Sadly, two simulation with adapt_delta = 0.95 and adapt_delta = 0.99 did not change the result. The resulting stepsize is very close to 1 and the acceptance rate is exactly 0.

As I do not have any constrained parameters, the scale does not seem to be a problem.

I double-checked the data entries, but even if they were wrong somehow (e.g. I mixed up variance and standard deviation), of course, the “good” stepsize would be a different one but nonetheless stan should be able to find a stepsize that provides a higher acceptance rate than 0. ;) I am baffled.

My model is incredibly simple so this is a last resort, but I will put it here and am very glad if someone double-checks my syntax. I provide a diagonal covariance matrix and want to sample from a multivariate normal distribution with mean=mu=0 and variance=sigma=‘the matrix I provide’. The model code is attached: model_Gaussian.stan (456 Bytes).

Max_Mantei · February 27, 2020, 4:47pm

Hey! Maybe I’m completely missing the point, but I don’t see what’s wrong.

Let’s simulate some data:

n_dim <- 50
matCovSquaredFreqs <- diag(rnorm(n_dim, 1, 1)^2)
stan_data <- list(n_dim = n_dim, matCovSquaredFreqs = matCovSquaredFreqs)

Running your model gives reasonable results. (By the way, you should never use multi_normal() with a diagonal matrix – that’s very inefficient. Actually, you could get the same results with any RNG, e.g. rnorm() in R – I guess I’m really missing the point here?)
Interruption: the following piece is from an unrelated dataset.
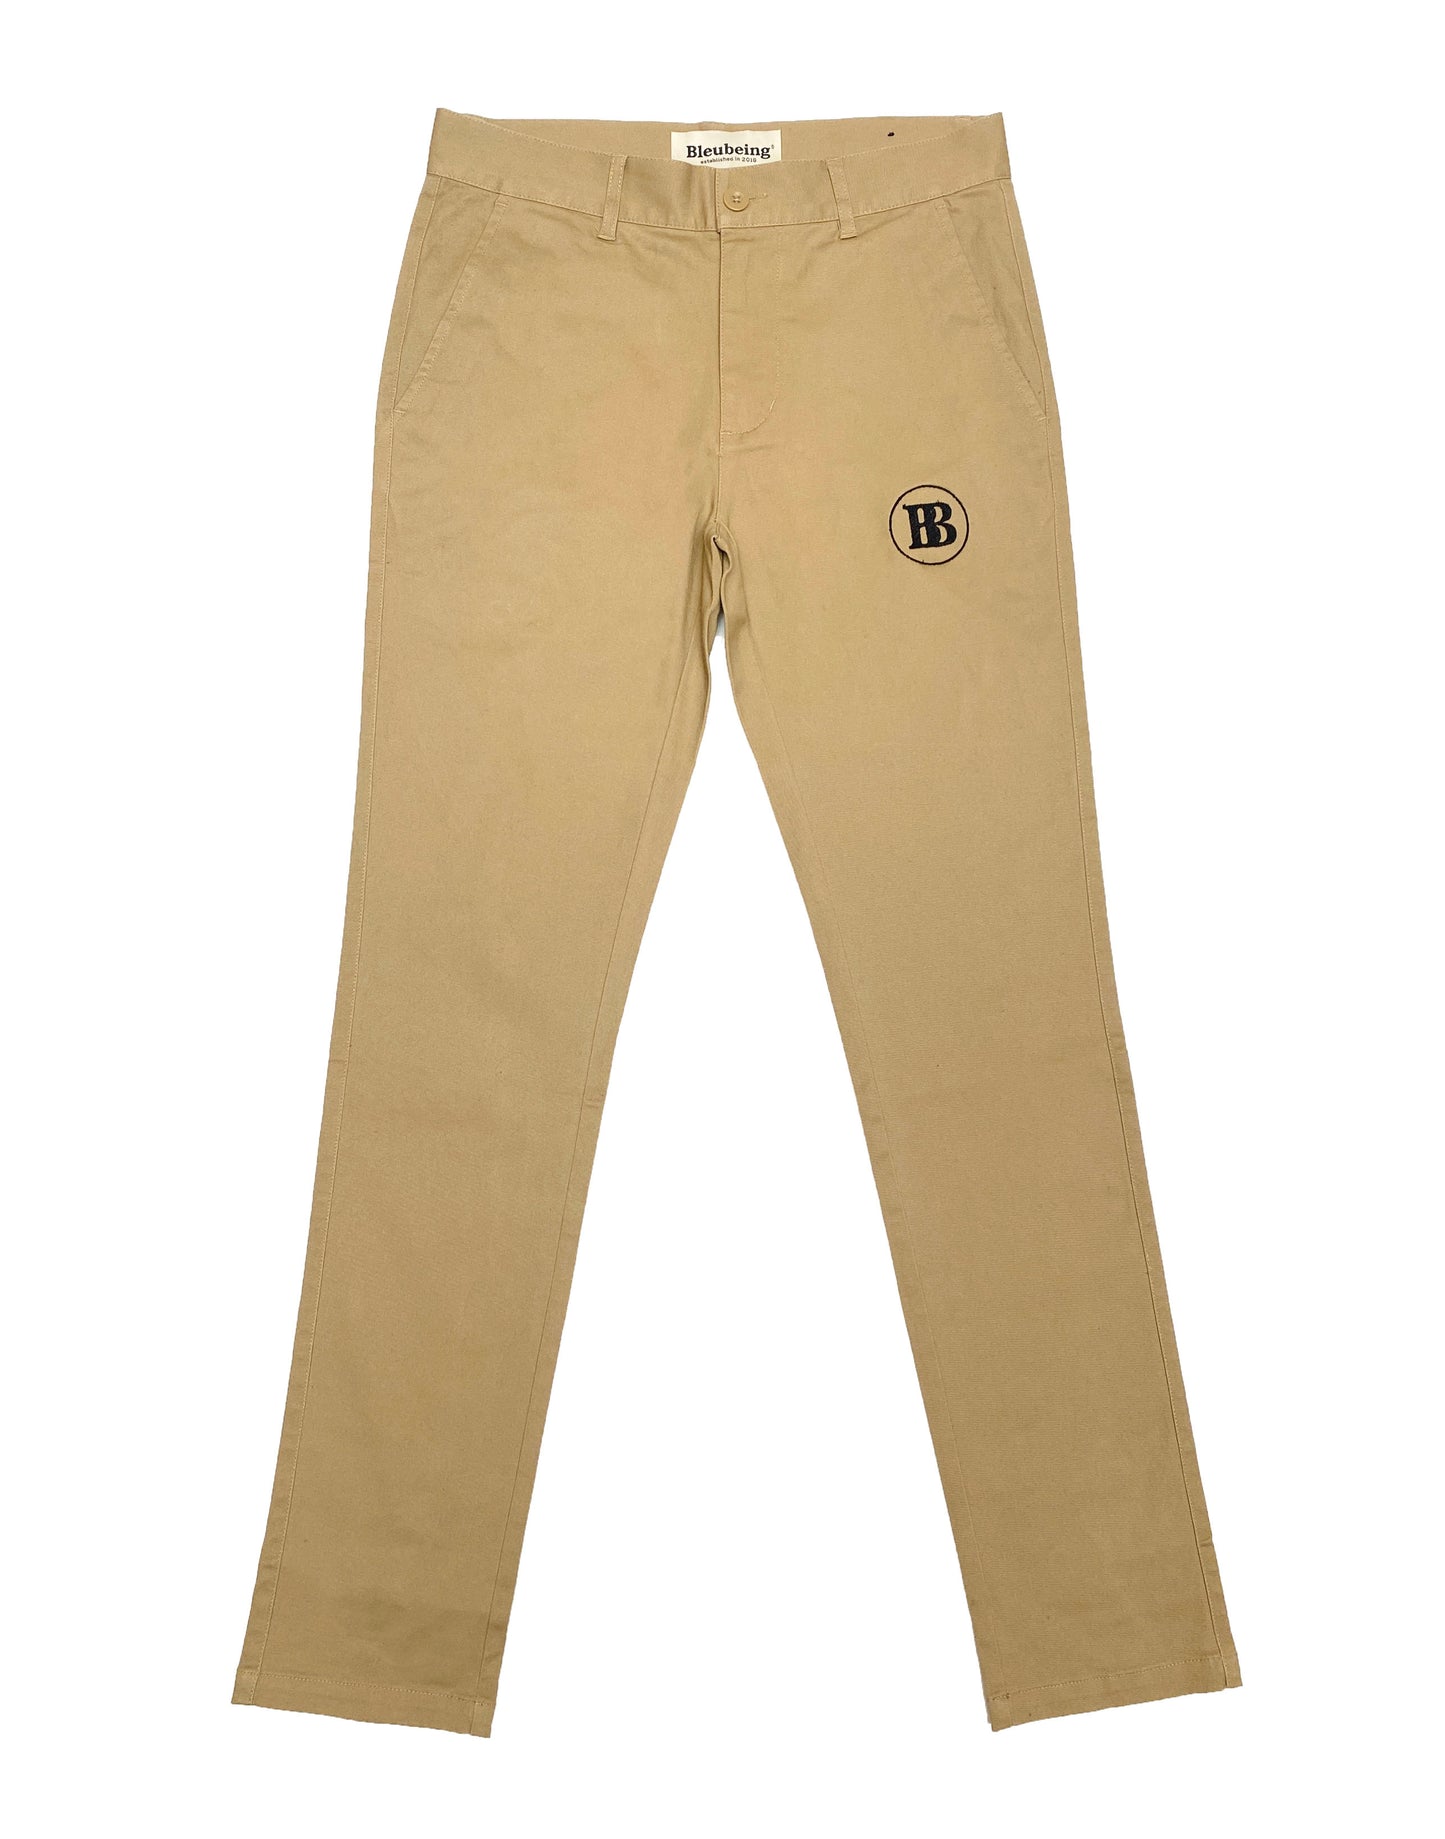 "BB" Khaki Pants
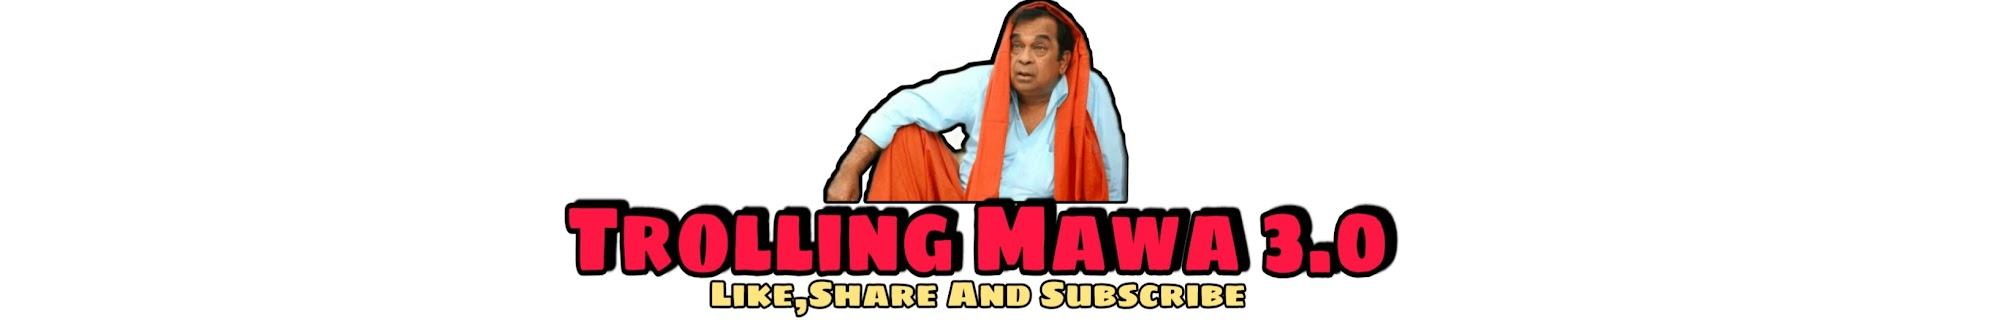 Trolling Mawa 3.0

Running with adapt_delta = 0.8 (default)

p0.8 <- sampling(sm, data = stan_data) # sm is the compiled stan model

tibble(Stan = summary(p0.8)$summary[-51,"sd"], 
      truth = sqrt(diag(matCovSquaredFreqs))) %>% 
  ggplot(aes(x=truth, y=Stan)) + 
  geom_abline() + 
  geom_point() +
  ggtitle("True SD's vs. Stan results (delta_adapt = 0.8)")

bayesplot::nuts_params(p0.8) %>% 
  filter(str_detect(Parameter, "accept|step")) %>% 
  ggplot(aes(x = Iteration, y = Value, color = factor(Chain))) + 
  geom_line(show.legend = F) + 
  facet_grid(Parameter~Chain, scales = "free") + 
  ggtitle("NUTS parameters with delta_adapt = 0.8 (default)")

Rplot

Rplot01

Running with adapt_delta = 0.9999

p0.9999 <- sampling(sm, data = stan_data, control = list(adapt_delta = 0.9999))
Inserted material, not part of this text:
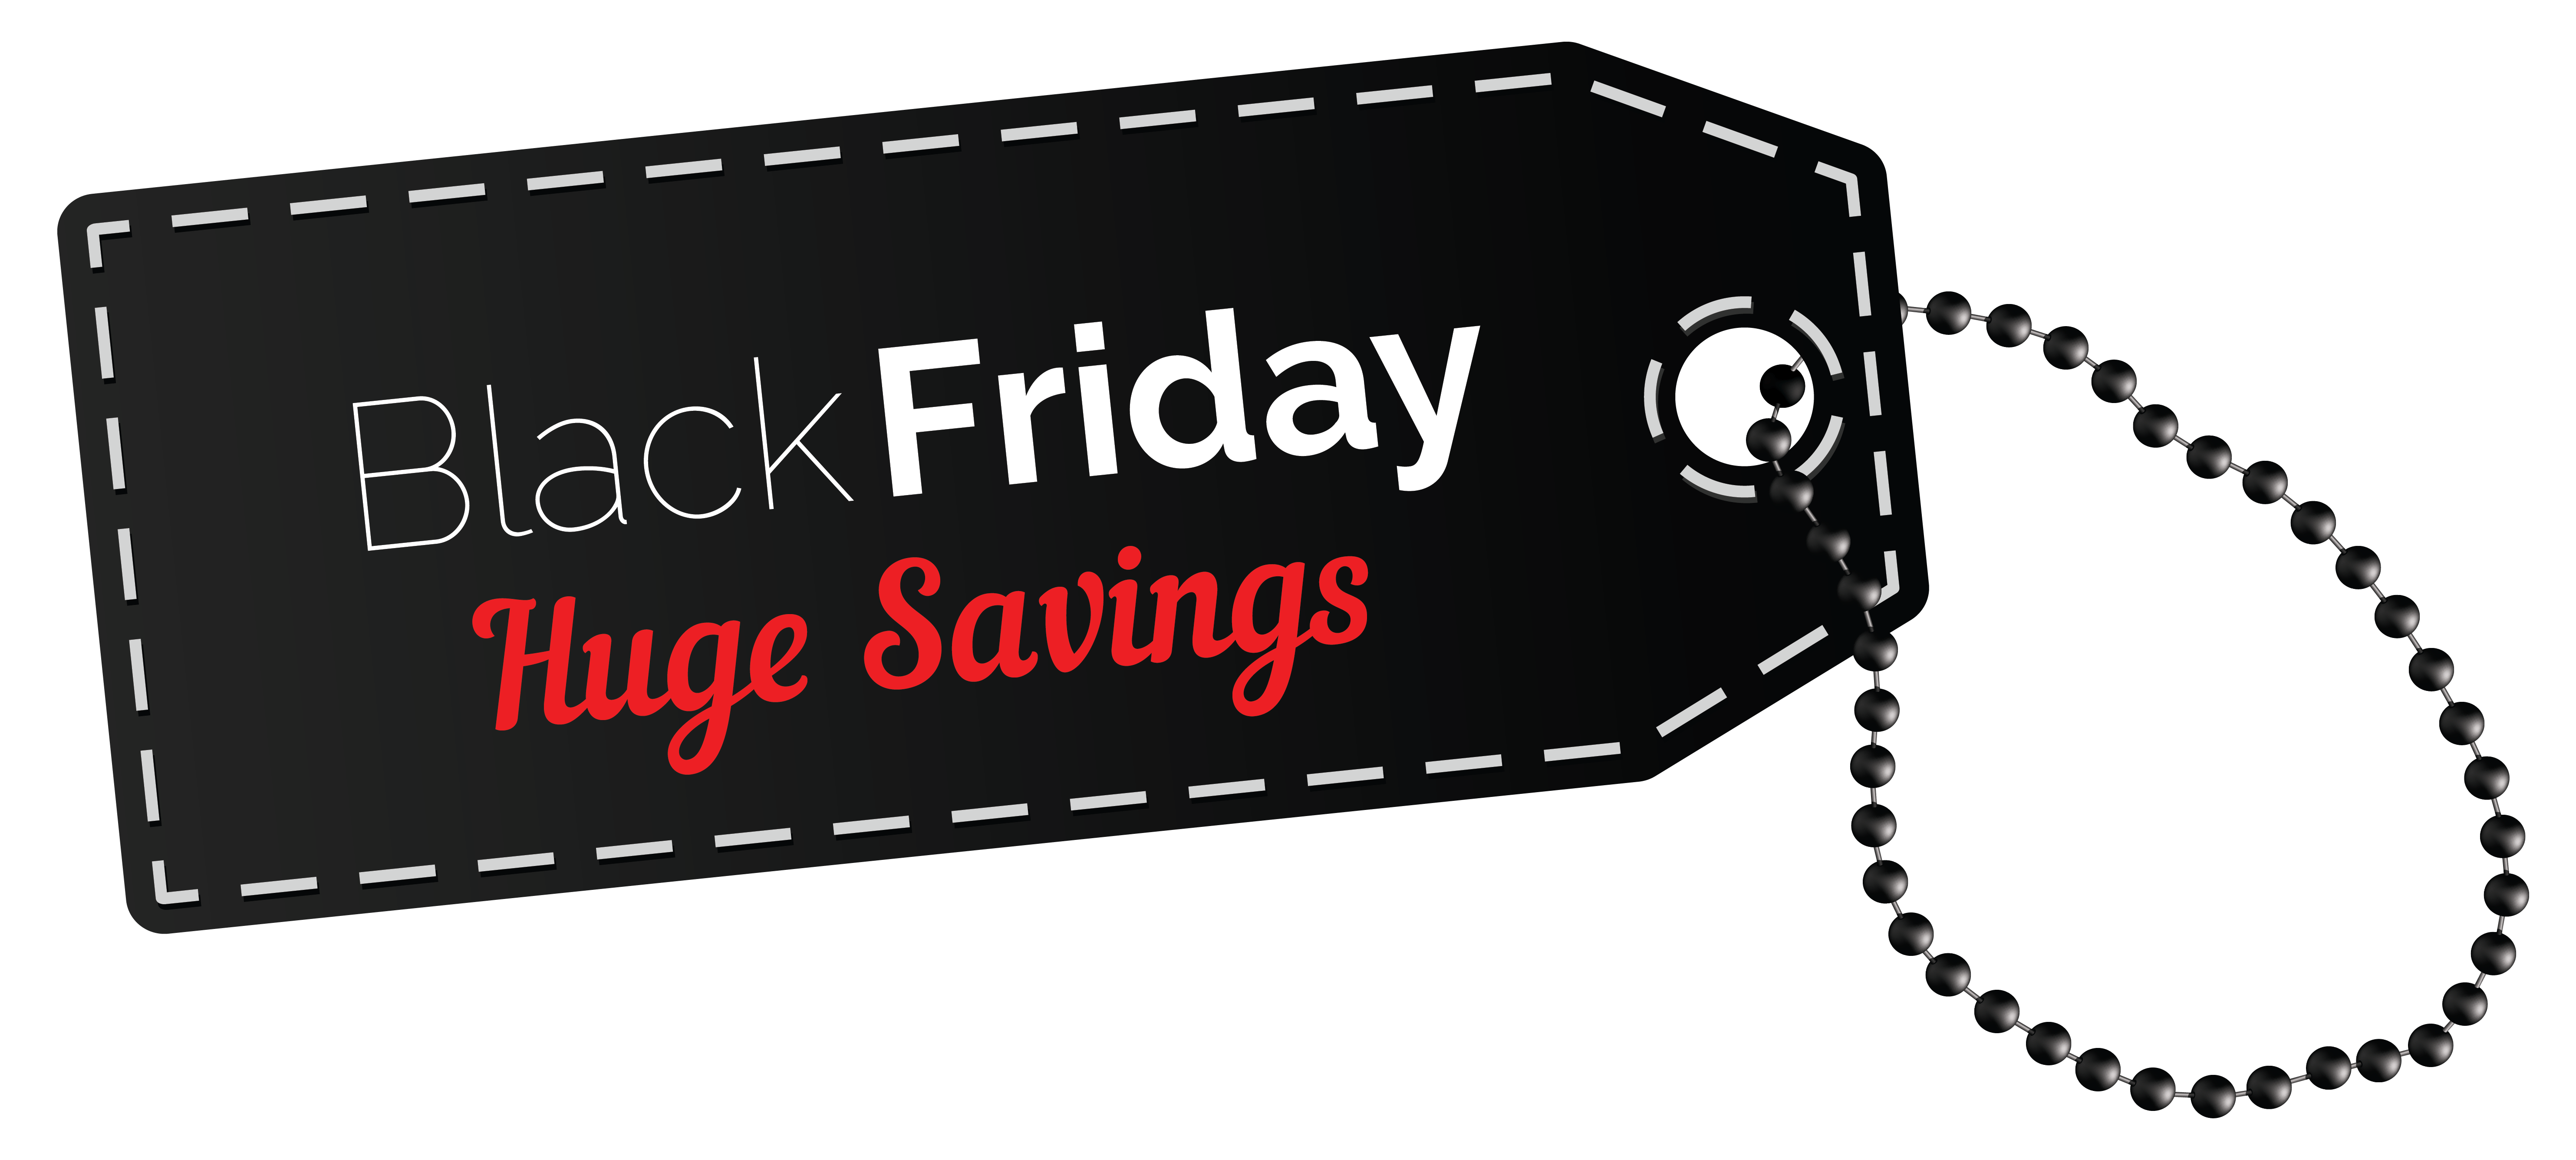 Black Friday Huge Savings Tag PNG Clipart Image

tibble(Stan = summary(p0.9999)$summary[-51,"sd"], 
       truth = sqrt(diag(matCovSquaredFreqs))) %>% 
  ggplot(aes(x=truth, y=Stan)) + 
  geom_abline() + 
  geom_point() +
  ggtitle("True SD's vs. Stan results (adapt_delta = 0.9999)")
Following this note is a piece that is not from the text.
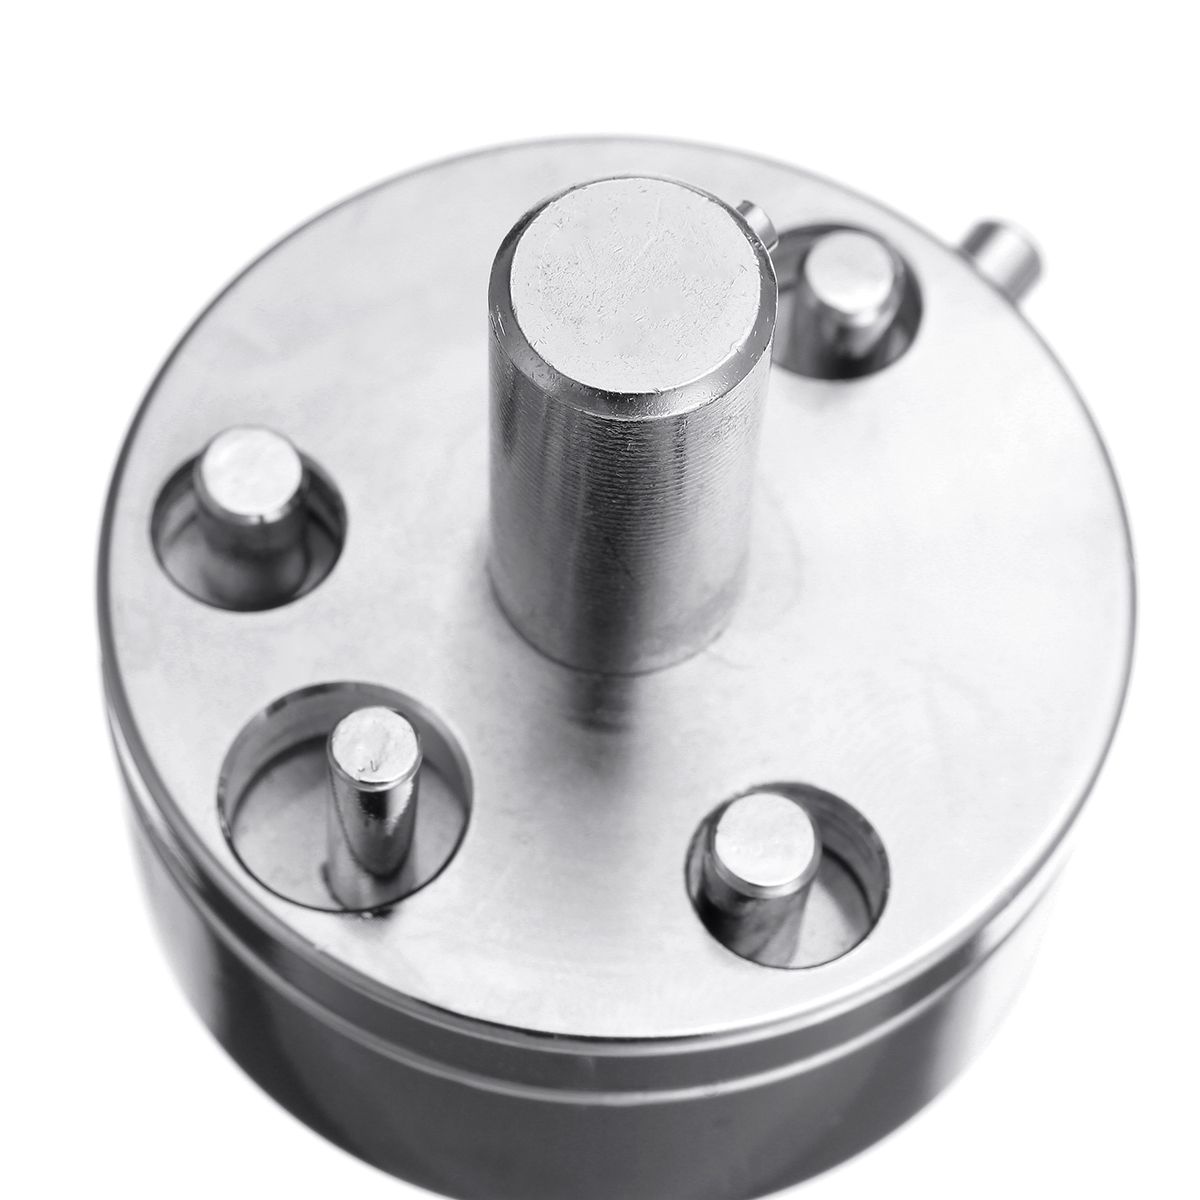 25mm-DIY-Badge-Pin-Making-Mould-Button-Maker-Punch-Press-Machine-Tool-1289894

bayesplot::nuts_params(p0.9999) %>% 
  filter(str_detect(Parameter, "accept|step")) %>% 
  ggplot(aes(x = Iteration, y = Value, color = factor(Chain))) + 
  geom_line(show.legend = F) + 
  facet_grid(Parameter~Chain, scales = "free") + 
  ggtitle("NUTS parameters with adapt_delta = 0.9999")

Rplot02

Rplot03

Hope this helps? If this went into a completely wrong direction, please feel free to ignore me. ;)

Cheers,
Max

felixmueller · February 28, 2020, 12:53pm

I appreciate your effort immensely, thanks! It some points it does help, it some points it does not.
I am aware that the structure and model I am using is absolutely overkill for what I want to do. I am atm trying to replicate results from my own HMC algorithm in stan, which is why I am going for this structure, it’s a toy problem so to say.

Because of this, I am not running with NUTS but only with the “basic” HMC algorithm in Stan. And because you showed that it does work (very well) using NUTS, the problem must be somewhere there.

I just put the file here, so that any obvious errors could be caught although the whole thing is so simple anyway which makes it more confusing to me that the adaptation does not give me a proper stepsize.

Max_Mantei · February 28, 2020, 1:07pm

Ahhh! Got it! And now is see that you wrote “pure HMC”. Okay, then just ignore my post. ;) Unfortunately, I’m also not able to help you with this. (The Stan model looks fine from what I can tell.)

I don’t know if he’s got time to chime in, but I bet @betanalpha has all the answers – or he can point you to them. ;)

betanalpha · February 28, 2020, 4:13pm

A short word on notation: “pure” and “basic” aren’t well-defined and hence prone to confusion. The question being asked here is about HMC with a static integration time. One of the advantages of Stan is that we can avoid these confusions by showing the full Stan call with all of its options.

Models with static integration time can be problematic if the integration time isn’t chosen well enough, especially for a Gaussian target density where the Hamiltonian trajectories can be limited to tiny orbits if the variances are related by integer ratios. Without knowing the data variances it’s hard to say exactly how much the algorithm is being stressed during adaptation and how reasonable the empirical results might be.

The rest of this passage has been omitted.